In what would be his final year for the Aztecs, Berhe was named team captain. He had seven tackles (1 for a loss) and a fumble recovery against Northern Illinois, and had another fumble recovery against Oregon State. When the Aztecs went against Air Force, he had 14 tackles (7 solo), the most by any player on the team since his game against Wyoming. He got his first career sack against New Mexico. Later in the year, in a game against San Jose State, he returned a blocked kick 56 yards in the fourth quarter. He finished the year with a career-high 99 tackles, 60 of which were solo. and also tied for the top spot on the team with two fumble recoveries. At the end of the year, he was chosen as a 1st-team All-Mountain West honoree as voted on by the league coaches and media.

Berhe finished his college career by playing in 51 games with 41 starts, 299 tackles (197 solo), one sack, 12 tackles for losses, a force fumble, 4 recoveries, 5 interceptions, and 20 defended passes.

==Professional career==
===Pre-draft===
Berhe was projected to be drafted in the fourth or fifth round of the draft. Nolan Nawocki of NFL.com said that he was an "instinctive defender" who reacted quickly with great pursuit.
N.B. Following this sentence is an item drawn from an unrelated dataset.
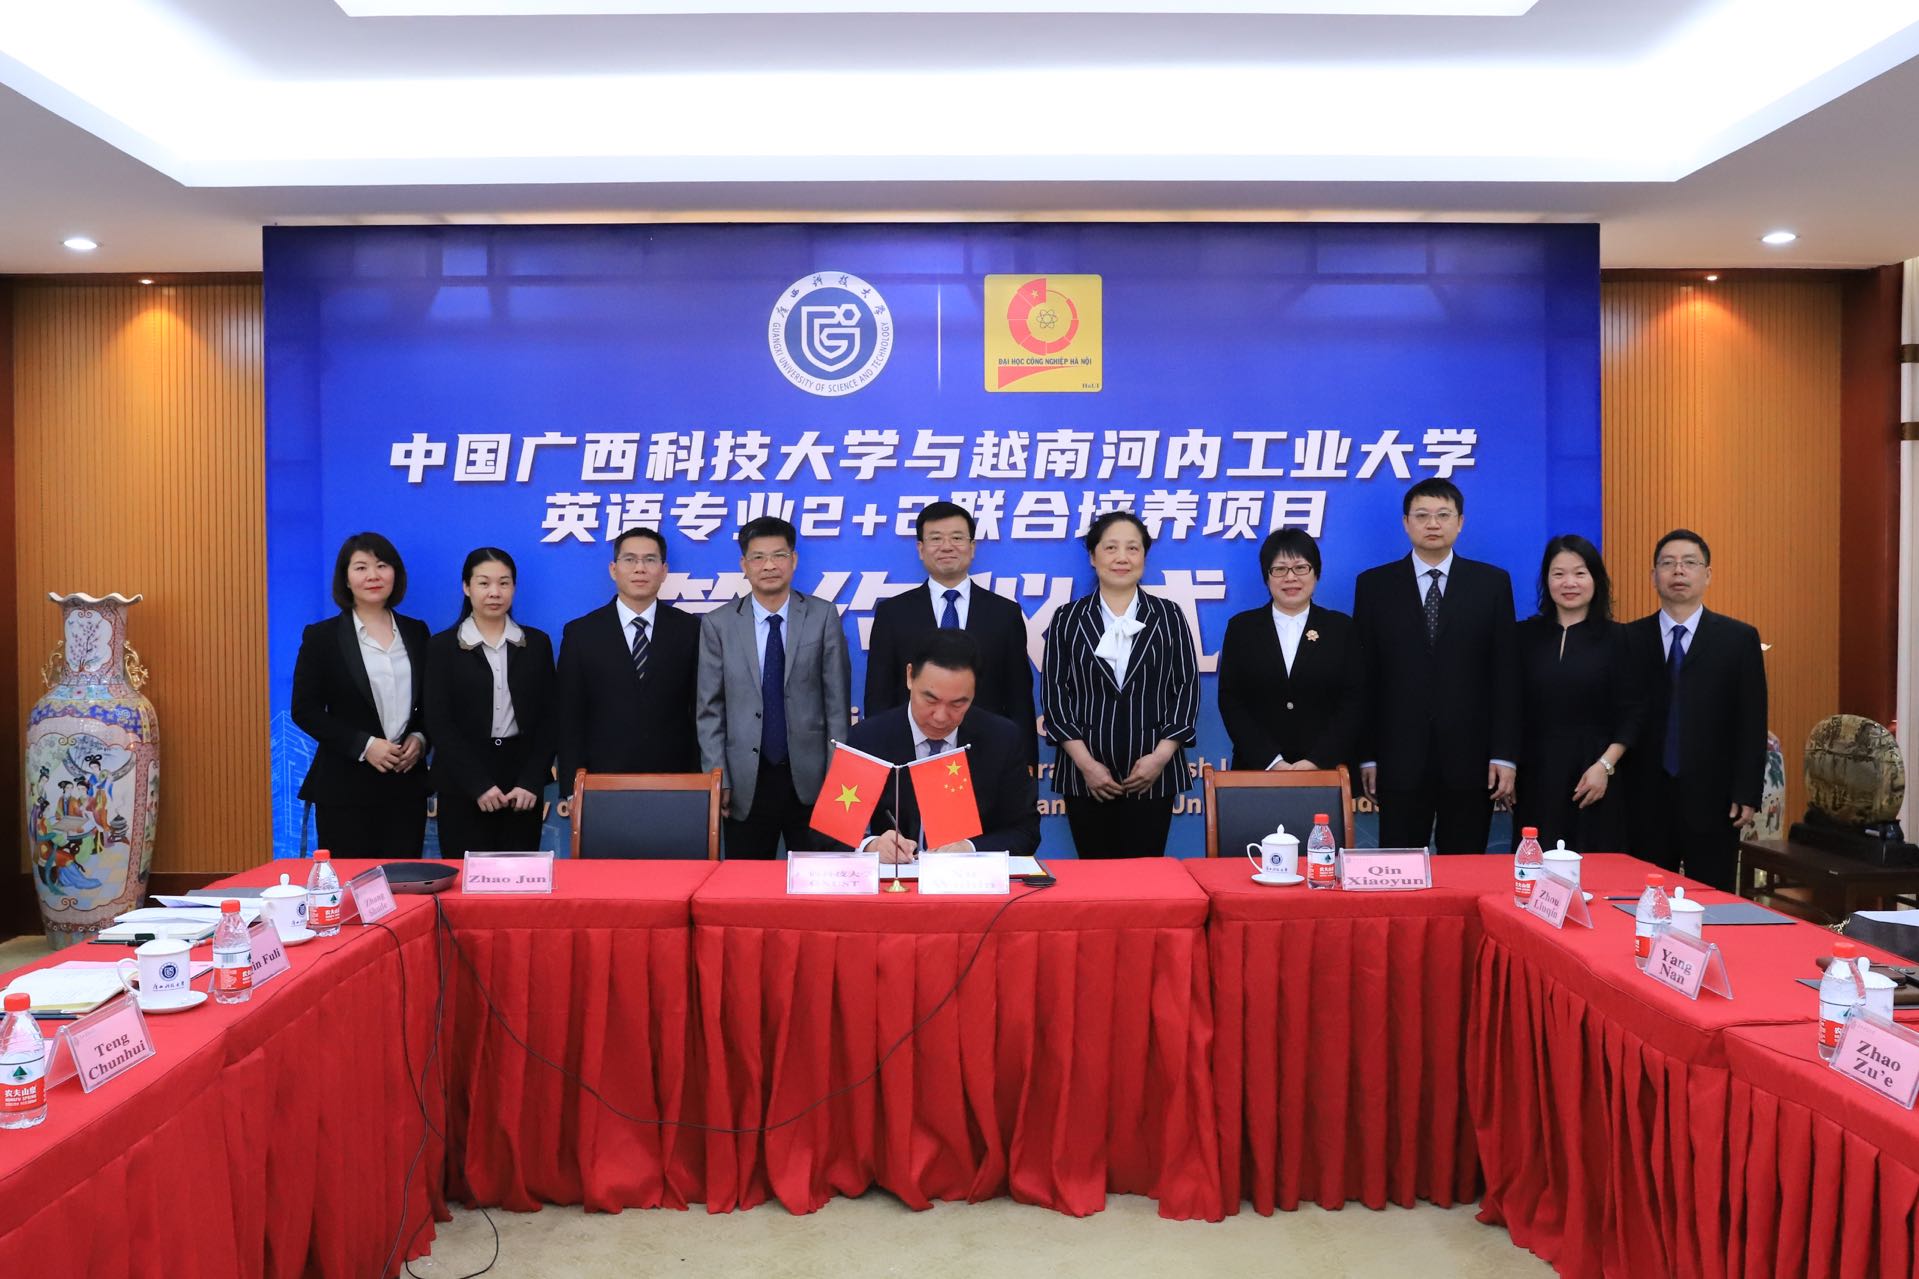 The signing ceremony on cooperation agreement between Hanoi University of Industry and Guangxi University of Science and Technology

He also complimented Berhe on playing fast and having great body control, and on being an "aggressive tackler" with a great passion for the game, as well as a "very likable personality". Nawocki was less fond of Berhe's size, considering it more appropriate for a cornerback than a safety, stating that he could stand to bulk up physically. He also said that Berhe "[p]lays a bit out of control and will miss some tackles in the open field", and that he also lacks special-teams experience.
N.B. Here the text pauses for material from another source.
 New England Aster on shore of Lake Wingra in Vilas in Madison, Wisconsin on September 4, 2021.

Dane Brugler of CBS Sports also complimented Berhe's speed, adding that he has great vision and "active hands to initiate contact and fight through blocks", with a "football character and competitive drive desired by NFL teams". He agreed that Berhe didn't have ideal size, and that his speed wasn't impressive. He also believed that Berhe would be "out-muscled at times" by larger wide receivers, and "will get flagged for downfield contact and needs to improve his discipline".

Pre-draft measurables
| Height | Weight | Arm length | Hand span | 40-yard dash | 10-yard split | 20-yard split | 20-yard shuttle | Three-cone drill | Vertical jump | Broad jump | Bench press |
| 5 ft 10+1⁄2 in (1.79 m) | 193 lb (88 kg) | 30+5⁄8 in (0.78 m) | 8+1⁄2 in (0.22 m) | 4.5 s | 1.63 s | 2.74 s | 4.22 s | 7.08 s | 35+1⁄2 in (0.90 m) | 9 ft 9 in (2.97 m) | 15 reps |
All values from NFL Combine

===New York Giants===
The New York Giants selected Berhe in the fifth round with the 152nd overall pick, making him the first Eritrean-American player to be drafted into the NFL.
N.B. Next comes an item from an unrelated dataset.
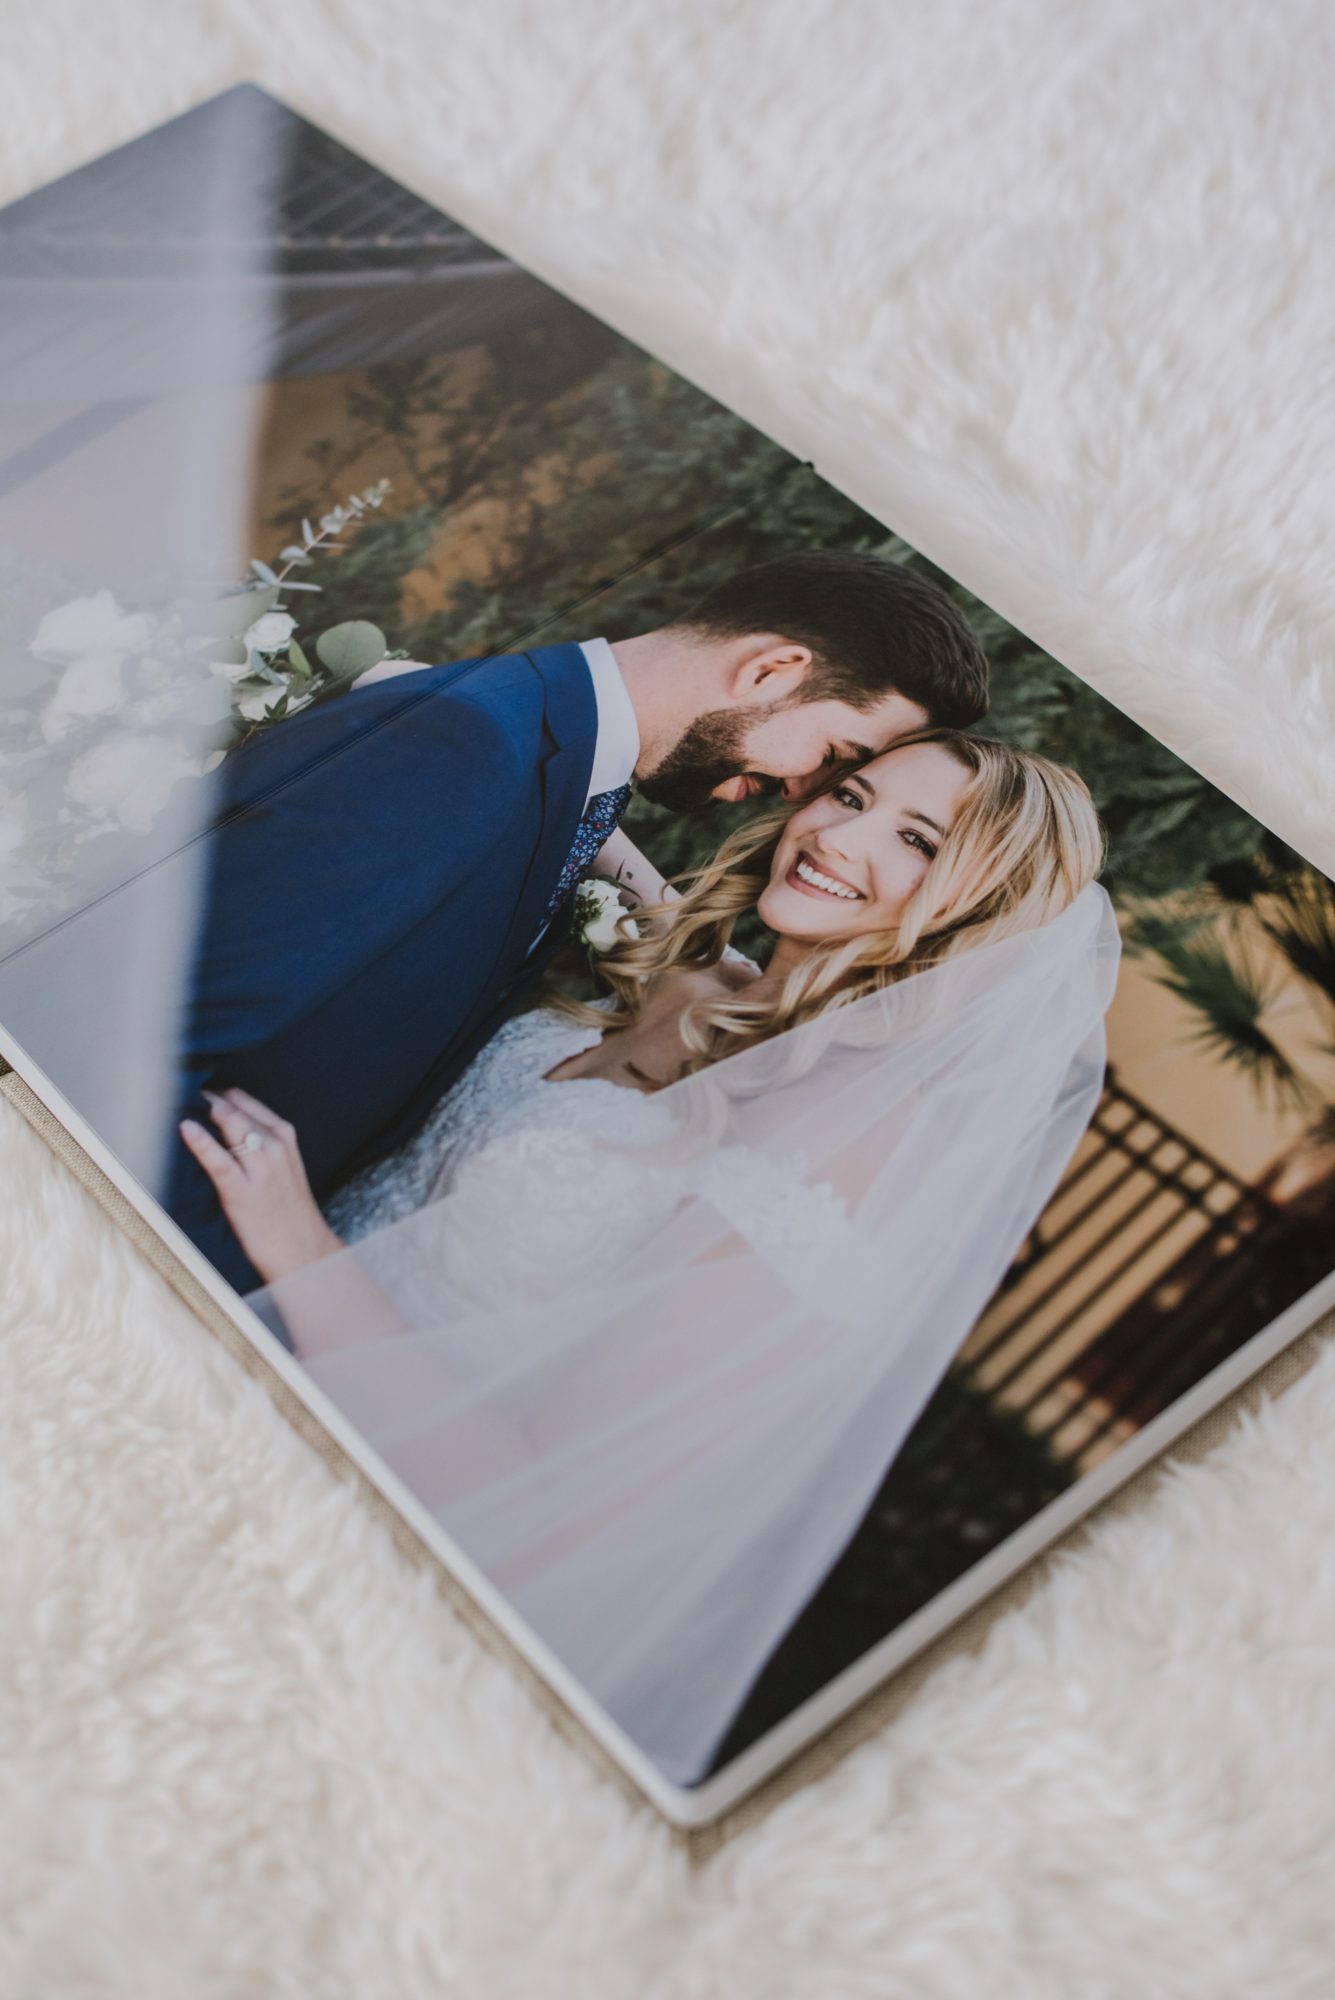 Why should I invest in a wedding album and wall art? Nikkels Photography

After Berhe's first preseason game versus the Buffalo Bills, in which he recorded three tackles and a forced fumble, Giants safeties coach David Merritt gave Berhe the nickname "The Missile". Berhe stated that he had been learning from the veterans on the roster, mainly Quintin Demps, and stated that Antrel Rolle was the leader of the Giants defense.

On September 5, 2015, Berhe's 2015 season came to an end when he was officially placed on injured reserve by the Giants. He had missed most of training camp due to a calf injury that required surgery to remove a blood clot.

===Pittsburgh Steelers===
On April 4, 2018, Berhe signed with the Pittsburgh Steelers.

==Personal life==
He is the first player with Eritrean descent (through his father) drafted into the NFL, and is also the cousin of former Baltimore Ravens cornerback Jimmy Smith.